Data analytics startup Gigasheet closes $7m Series A to democratize big data analysis
Gigasheet, a startup that brings data science and big data analytics capabilities to anyone who can use a spreadsheet, announced it has closed $7 million in a Series A funding round. The no-code analytics platform helps organizations investigate massive data sets without the need for a database, an IT team, or knowledge of any query language like SQL.
VCs backing the company include Accomplice, Argon, Founder Collective, and REV. Other notable participants in the round are Crowdstrike co-founder Dmitri Alperovitch and Android Co-founder Rich Miner. The company was founded in 2020 and initially focused on cybersecurity but has rapidly grown to support thousands of users from a variety of industries.

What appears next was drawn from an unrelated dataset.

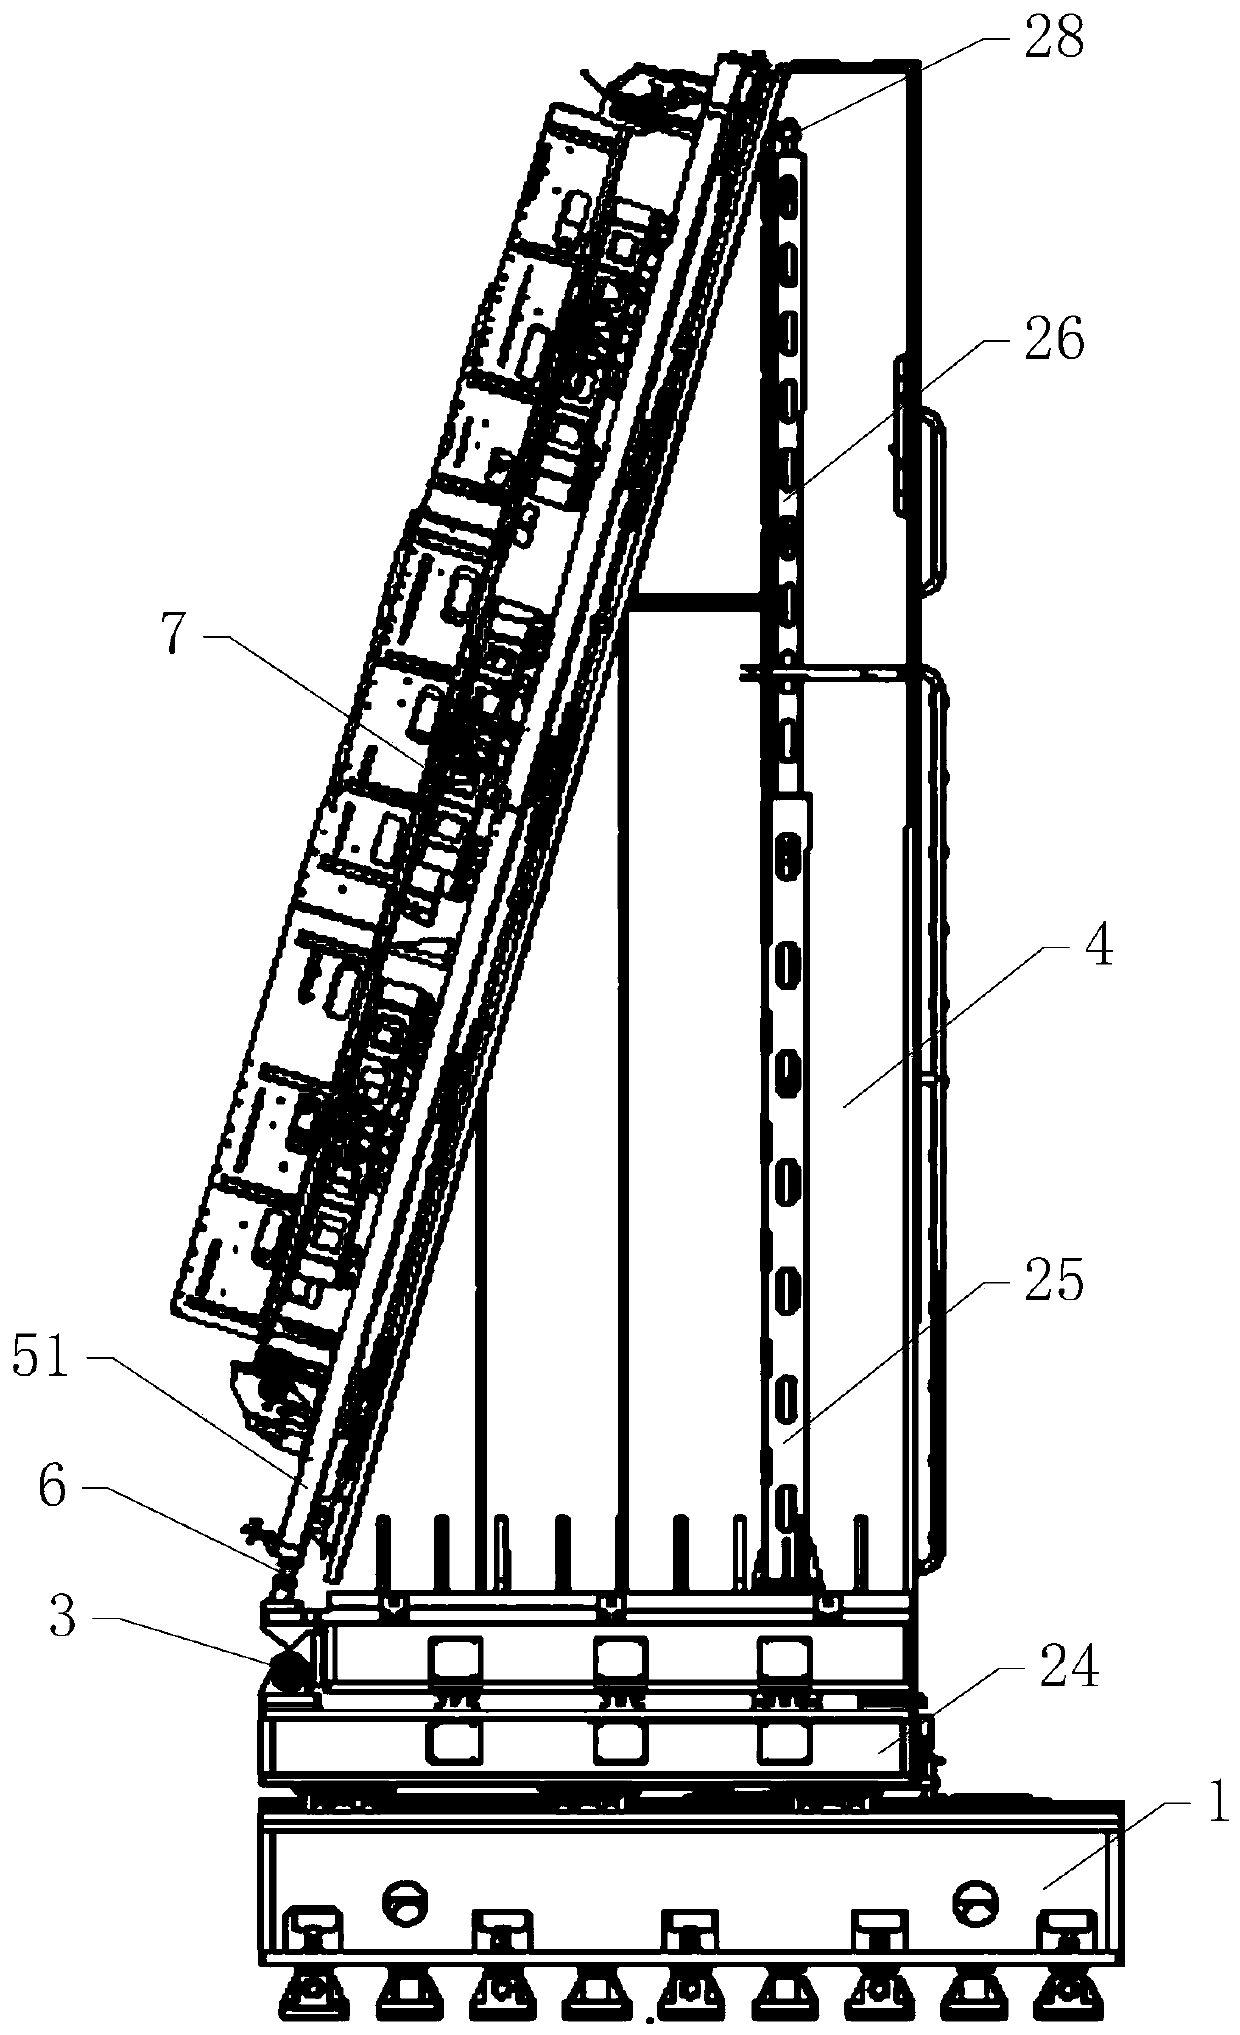 A Mechanical Attitude Adjustment System for Wing Root Rib Positioning Tooling

Jason Hines, CEO and Co-founder, Gigasheet,: "We've been amazed at the broad range of people using Gigasheet in ways that we couldn't have imagined. We are seeing people work on everything from COVID research to Ukraine cyber intelligence analysis, and even voter data. In the same way Shopify makes it easy for anyone to sell online, or iMovie enables anyone to make short films, Gigasheet helps anyone get into big data analysis. If you can use a spreadsheet, you can use Gigasheet."
Despite the rise and growing popularity of enterprise big data platforms, most users still resort to flexible, commonly available applications like Microsoft Excel for quick data analysis and triage. Excel's long-standing row limitations make it inadequate in today's world where files containing millions of rows of data are commonplace. While more advanced programmatic approaches like Python Pandas and R libraries are powerful, they are out of reach for many entry-level professionals due to the substantial learning curve.
Gigasheet estimates around 750 million Excel users globally, but only about 3 million data scientists and big data engineers. They see an opportunity to help with easier-to-use products that offer the power and scale of an enterprise big data platform without complex technical setup, training, or maintenance.
Garth Griffin, CTO, Gigasheet: ''Often, the hardest part of big data analysis is getting the information into a platform where you can see it and work with it, and after that it's just a few data transformations to get the answers you need. Data scientists or engineers can do that work, but with the right technology, we can empower any analyst with spreadsheet skills to take on big data themselves. Gigasheet is that technology. Gigasheet's users are now doing just that.''
The company has processed more than 12 billion rows of user data over the last quarter.